The researchers developed a method that makes high purity sheets of nanotubes possible and can allow the extraction of a single microscopic nanotube from an array of nanotubes. The method deposits an organic layer on top of a sheet of nanotubes that is attached to a metallic layer. Applying an electric current to the combination of layers identifies the nanotubes that are contaminated by metals. Nanotubes that contain metal are not semiconducting. The point of using carbon nanotubes is the enhanced semiconducting capacity of carbon nanotubes.

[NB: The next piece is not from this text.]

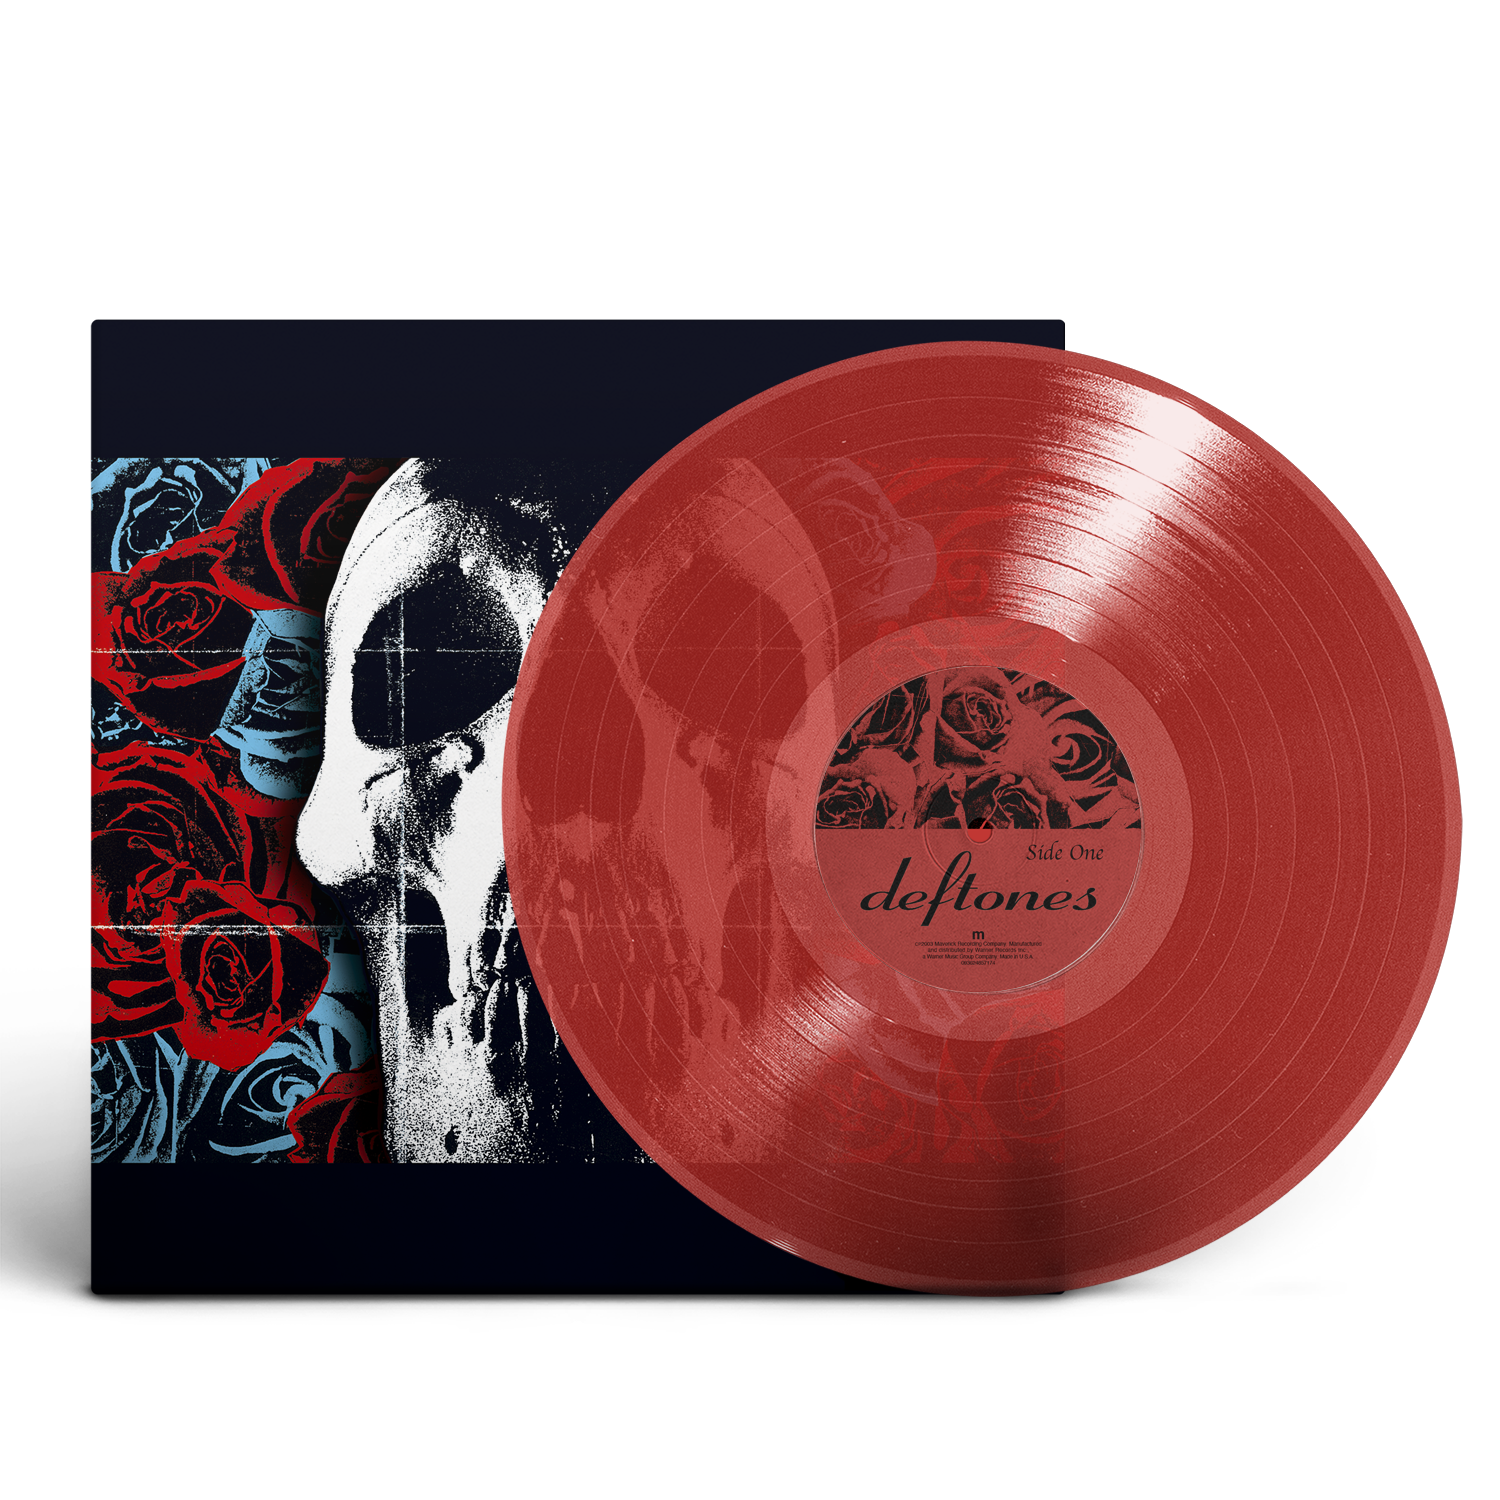 Deftones (20th Anniversary) Limited Ruby Red Vinyl LP

The nanotubes that are contaminated with metal can be etched out of the array and the organic top coat can be removed with a chemical bath leaving pure carbon nanotubes. The method is inexpensive and scaleable to industrial sized capacities. The researchers proved their method works by constructing an array of transistors from the purified carbon nanotubes. The high speed transistors functioned as expected. This development is the last step needed in making carbon nanotubes a realistic replacement for silicon in all electronic devices. The added speed of transmission is the driving concept behind carbon nanotubes.